SUNDAY JOINT, 1-17-2021: ALOHA AND THANK YOU BEN AIPA

Hey All,

Ben Aipa, boardmaker and power surfer for the ages, died last week from a long list of ailments including diabetes, heart issues, and dementia. He was 78. Derek Rielly and I emailed back and forth about Ben yesterday, and the first thing I wrote was: “Ben didn’t start surfing until he was 21 or 22. Every time I think of him, that’s what comes to mind first. I don’t know of any big-name surfer who began that late in the game, and the determination it took for him to get so good, so fast—I think that stayed with him the rest of his life. And I’m guessing that part of why he was always pushing on to the next thing in surfing had to do with him never forgetting what it felt like to be so far behind.”

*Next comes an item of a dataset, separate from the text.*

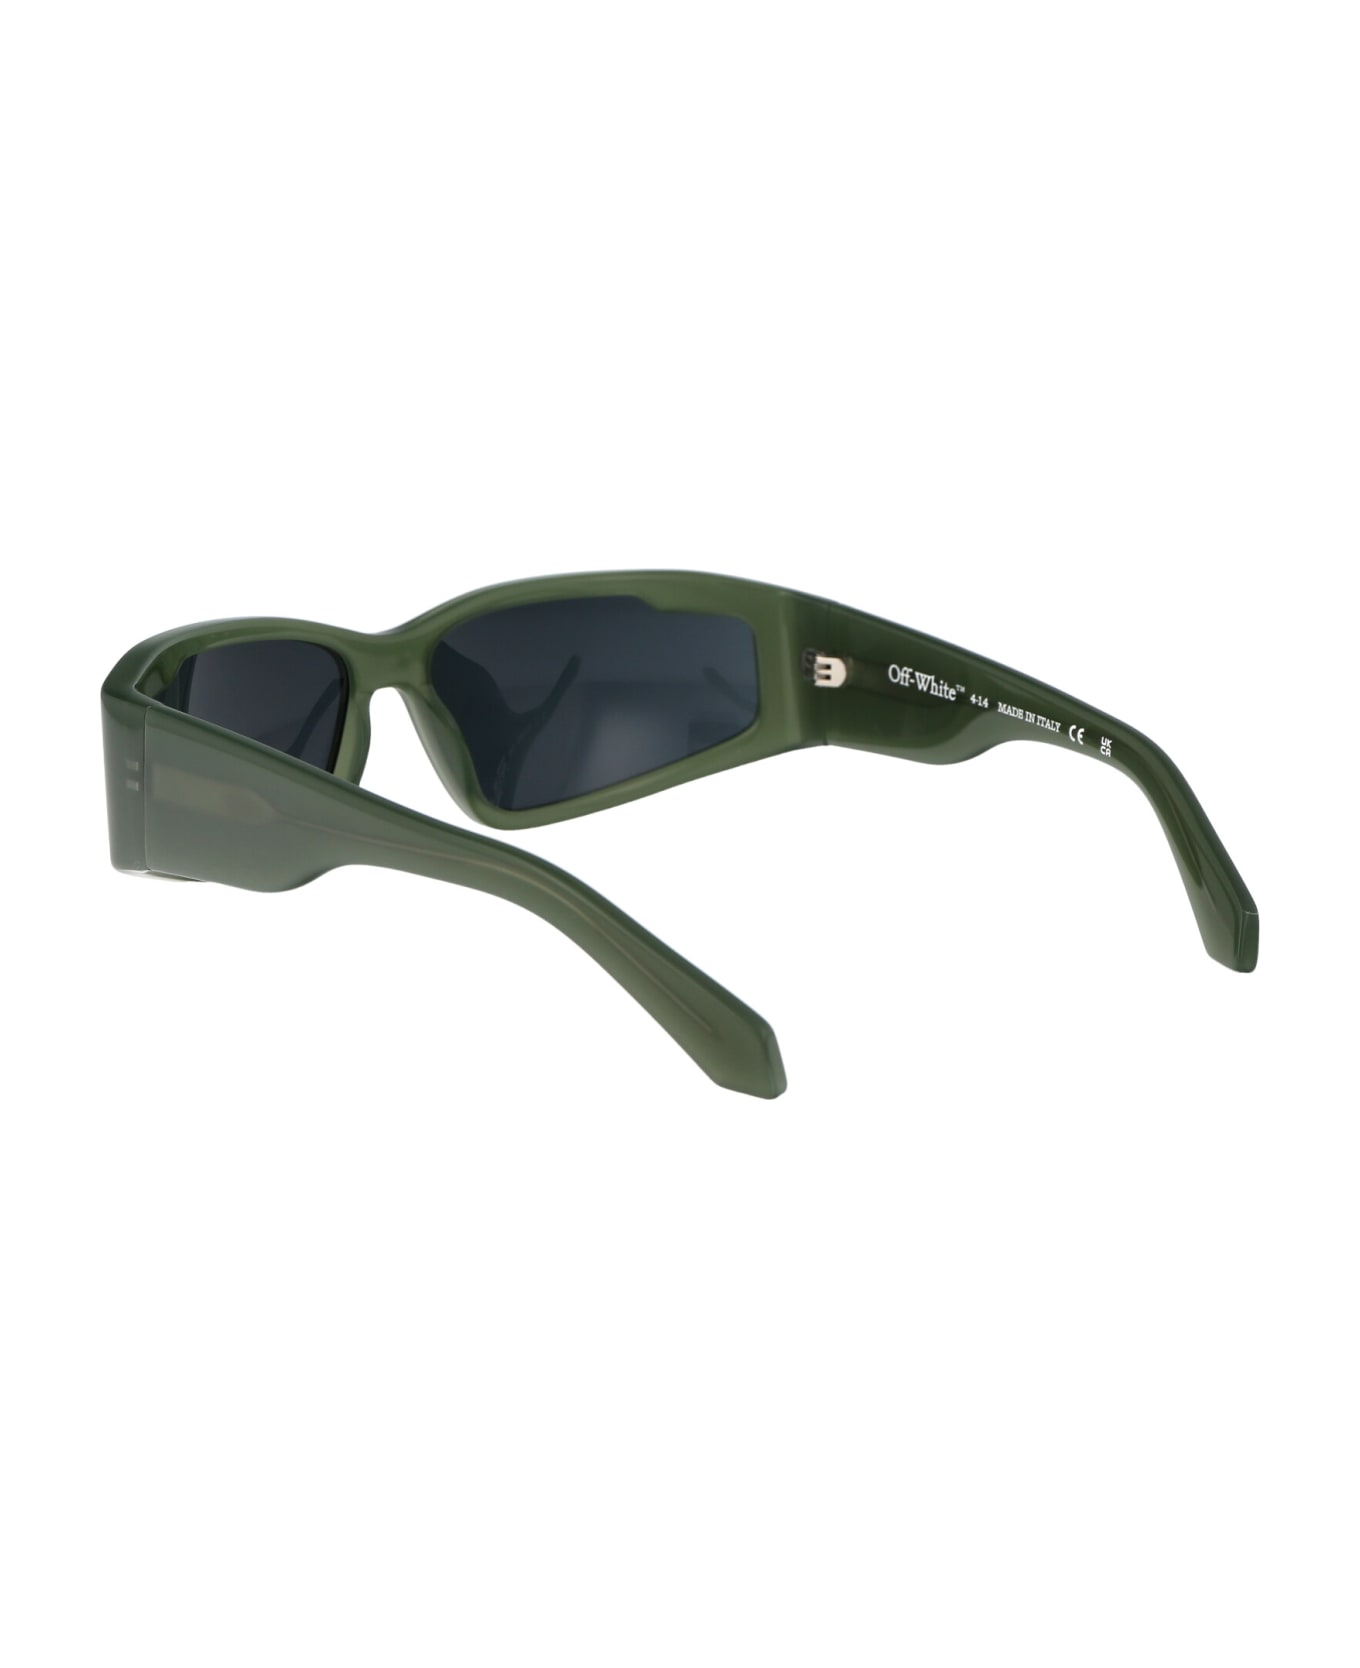 Off-White Kimball Sunglasses - 5707 OLIVE GREEN  サングラス

Derek asked me a question about Ben’s contemporaries, which threw me for a moment. Aipa didn’t fit neatly into a particular time or era. Or rather, he fits into a few periods. In 1966, Ben and Eddie Aikau were presented as the hot new young guys from Hawaii (even though Ben was already 24 and married); a decade later he was the high-performance Bertlemann-adjacent design guru who gave us the swallowtail and the sting; a decade after that he was a leader in the longboard resurgence; a decade after that he was coach and mentor to some of the best young Hawaiian world tour pros, including Sunny Garcia. “I don’t know exactly what era Ben belongs to,” I wrote to Derek. “To me, he always seemed kind of removed from it all, not part of any group or period. Ben was a one-man era.”

Encyclopedia of Surfing
Encyclopedia of Surfing

By “removed from it all,” I meant that Ben was in many respects a fortress unto himself. In public, anyway, his default mode was quiet and immovable and slightly menacing. Watch here, as Aipa emerges from the crowd to pick up his prize money at the 1971 Smirnoff contest—if you weren’t friend or family, that’s what you got, even if you were handing him a check. To quote Gerry Lopez, “When you see Ben coming, don’t think, just get out of the way.” Part of that, I’m guessing (again) came from Ben being uncomfortable or resentful, or both, of the haole-dominated industry (and culture at large) around him, and part of it came from wanting to put space around himself in order to 1) work, and 2) get more waves. Lopez, a person who knows a thing or two about loading up on waves, said this: “Ben Aipa is the new Hawaiian surfer assuming the pole position, as did the Duke and Rabbit Kekai in their time, [and] is deserving of any wave he wants.” I respect the hustle. Surfing, by and large, is not an egalitarian pursuit. I’d stare holes through people too if it meant doubling my wave count.

Encyclopedia of Surfing

Aipa’s design work, on the other hand, was endlessly and prodigiously generous. The swallowtail, the sting, the lightweight modern longboard, all manner of craft made for bigger, heavier surfers—nobody in surf history did more to bump up our performance levels, and I mean from one end of surfing’s demography to the other: old and young, amateur and pro, shredder and cruiser. Ben Aipa looked like a hitman but brought more joy than Santa Claus, and he deserved every wave that came his way.